Thanks in advance, and sorry for the long post!


----------



## Smackdaddy53 (Dec 31, 2012)

Most outboards do that. It’s water that comes out of the water pump vent holes and top of the housing around the shaft. It’s to keep the pump from getting air locked. All pumps have these holes, usually a tiny hole in the housing and a slot that vents excess air and water around the top impeller cup around the shaft. You might double check the water tube grommet that seals the tube to the water pump and lightly grease it but there is going to be water coming out of the lower unit i that area even on a brand new outboard.


----------



## RiverRunt (10 mo ago)

Thank you! I think it seems excessive though, it’s coming out pretty good. Just hope my motor is making enough pressure to take the water it needs to the engine. I’m gonna run it anyway.🤘🏼


----------



## NealXB2003 (Jun 8, 2020)

Run it in the lake and see what happens. That barrel probably creates extra back pressure that slows the water and exhaust exciting the prop. Mine always act different in the driveway.


----------



## RiverRunt (10 mo ago)

NealXB2003 said:


> Run it in the lake and see what happens. That barrel probably creates extra back pressure that slows the water and exhaust exciting the prop. Mine always act different in the driveway.


On my way right now. We’ll see how she does.


----------



## rjn2468 (10 mo ago)

My merc 25 hp 2 stroke does that too, its normal


----------



## RiverRunt (10 mo ago)

Took it out today. Hard to start sometimes, but when it did, ran and planed out fine. Got to 23 with 3 people in the boat. Upon initial throttle it would stumble a little then once past that everything was well.


----------



## m32825 (Jun 29, 2018)

On my Merc (20hp FourStroke) there's a 3/4" hole a few inches above above the water pump that water flows out of when running. You have to remove the clamshell around the midsection to see it. My guess is that it's there to limit/relieve pressure going into the head.


----------



## Smackdaddy53 (Dec 31, 2012)

m32825 said:


> On my Merc (20hp FourStroke) there's a 3/4" hole a few inches above above the water pump that water flows out of when running. You have to remove the clamshell around the midsection to see it. My guess is that it's there to limit/relieve pressure going into the head.


It’s excess water from the pump housing


----------



## matauman (Nov 4, 2014)

I bought a 2005 merc 60 2 stroke on a Gordon years ago. When it ran, water would come out very high on the lower unit. I asked the seller if we could run it by a local merc dealer. If its a problem he'd pay, if not its on me.

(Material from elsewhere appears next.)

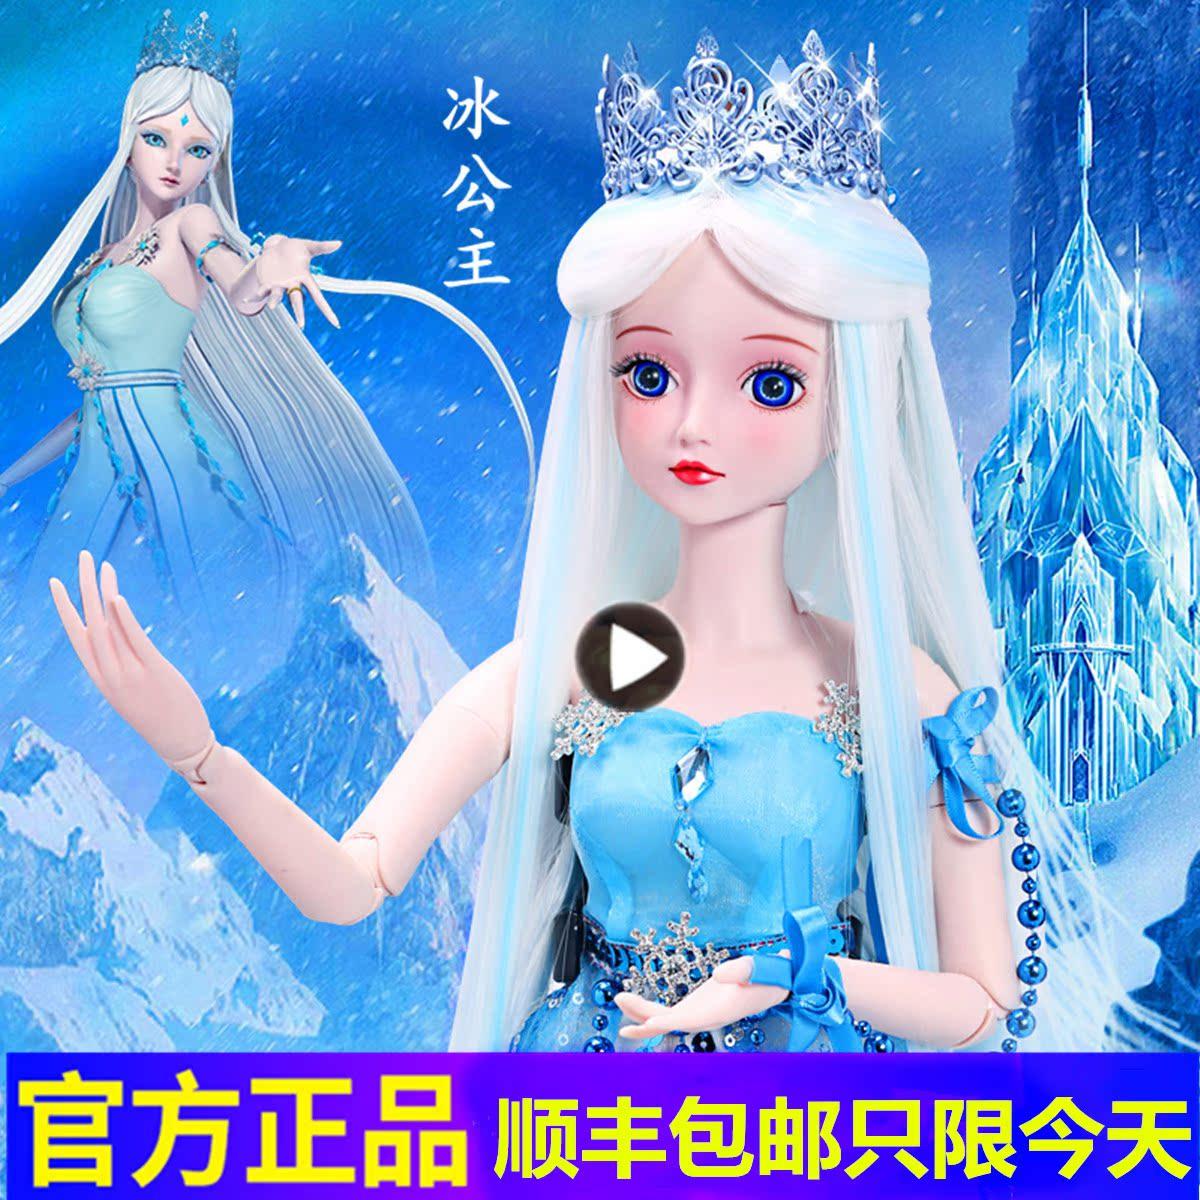 玩具叶罗丽女孩冰孔雀精灵梦60厘米夜萝莉玩具娃娃洋娃娃公主仙子正品v玩具图片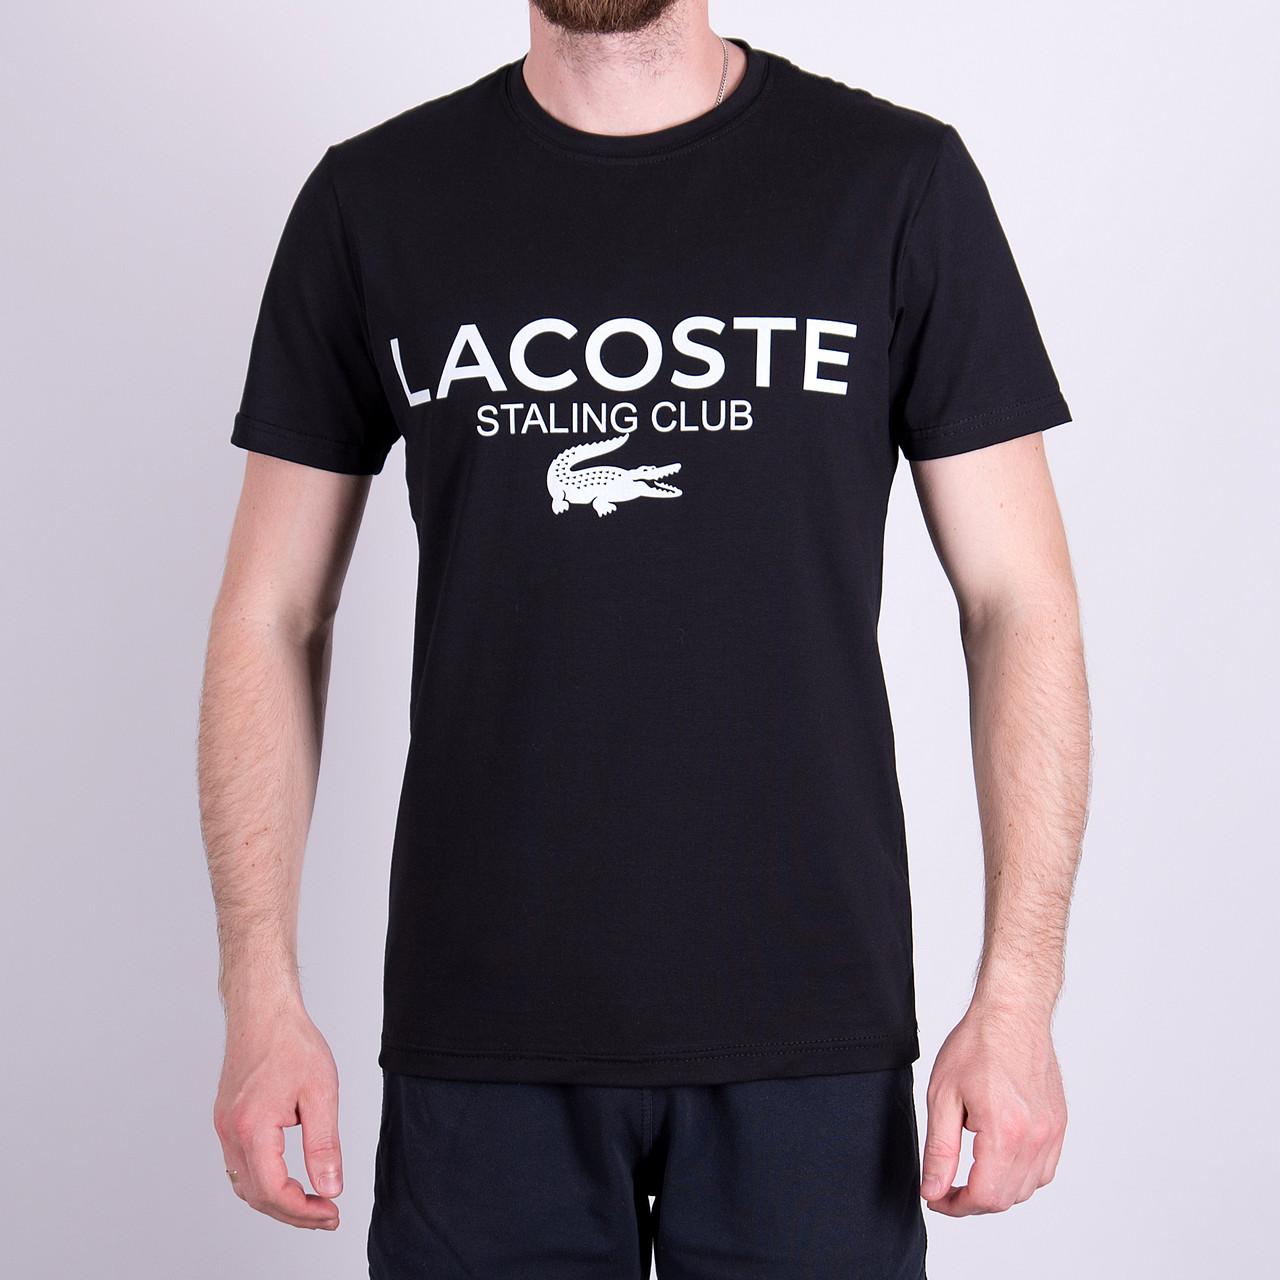 Чоловіча футболка LACOSTE, чорного кольору

The seller was great. They put the muffs on and started it up and said exactly what smack said, it was a rubber grommet that sealed the top of the water pump. Not critical but... he dropped the lower unit, slapped one on, and greased the prop splines.

The seller gladly paid, I bought the boat, lunch and a few beers.

Hit the west coast and my brother landed the first red the next day, picked up another brother in Hollywood and stayed at Kontiki for a week, need I say more.

To see the look on my brothers face when he was up poling was priceless. When we were kids he was the one who would lay on the front of the boat to see the fish for hours.


----------



## m32825 (Jun 29, 2018)

I mis-remembered a bit, here's a picture. There's a 1/2" hole behind my port side mounting bracket, about four inches up from where the lower unit and driveshaft housing meet. If my outboard is running water flows out from behind this bracket. My parts manual does not show a gasket or plug for it. Might just be on smaller outboards that don't need as much water for cooling?


----------



## matauman (Nov 4, 2014)

On mine the seal that was missing slide on the drive shaft on top of the water pump, my water came out up where the lower unit met the head assembly I think it is referenced as #42 great source for info at the mercury site listed here.


----------



## Smackdaddy53 (Dec 31, 2012)

matauman said:


> On mine the seal that was missing slide on the drive shaft on top of the water pump, my water came out up where the lower unit met the head assembly I think it is referenced as #42 great source for info at the mercury site listed here.
> View attachment 200643


Some of these silly designs have no place on the water tube for the grommet to stop and be *compressed as the lower unit is stabbed and bolted up. The grommet will actually slide right up the water tube and not seal at all. My hack is to use a piece of fuel hose and slip it on the water tube with an oetiker clamp to tighten it up then slip the seal below it. This gives the seal a surface to stop against and actually create a nice seal. I’ve only seen a few.


----------



## m32825 (Jun 29, 2018)

Smackdaddy53 said:


> Some of these silly designs have no place on the water tube for the grommet to stop and be conpressed as the lower unit is stabbed and bolted up. The grommet will actually slide right up the water tube and not seal at all. My hack is to use a piece of fuel hose and slip it on the water tube with an oetiker clamp to tighten it up then slip the seal below it. This gives the seal a surface to stop against and actually create a nice seal. I’ve only seen a few.


Good tip!


----------



## RiverRunt (10 mo ago)

matauman said:


> On mine the seal that was missing slide on the drive shaft on top of the water pump, my water came out up where the lower unit met the head assembly I think it is referenced as #42 great source for info at the mercury site listed here.
> View attachment 200643


Mine is set up a little differently but I’ve triple checked and everything is there, no pieces are missing and I replaced the water pump and all of its seals. I just need to run it to the shop.


----------



## Smackdaddy53 (Dec 31, 2012)

RiverRunt said:


> Mine is set up a little differently but I’ve triple checked and everything is there, no pieces are missing and I replaced the water pump and all of its seals. I just need to run it to the shop.


Did it run good and not overheat? I would leave it alone and not waste money if so.


----------



## RiverRunt (10 mo ago)

Smackdaddy53 said:


> Did it run good and not overheat? I would leave it alone and not waste money if so.


It ran, I wouldn’t say ran well. Had to be about half choked to run WOT, then it would bog a little. Think it’s just a fuel issue. Ran cool, tell tale was solid. Seems all I need to do now is a carb rebuild and maybe get a new bulb and fuel lines and I’ll be set!


----------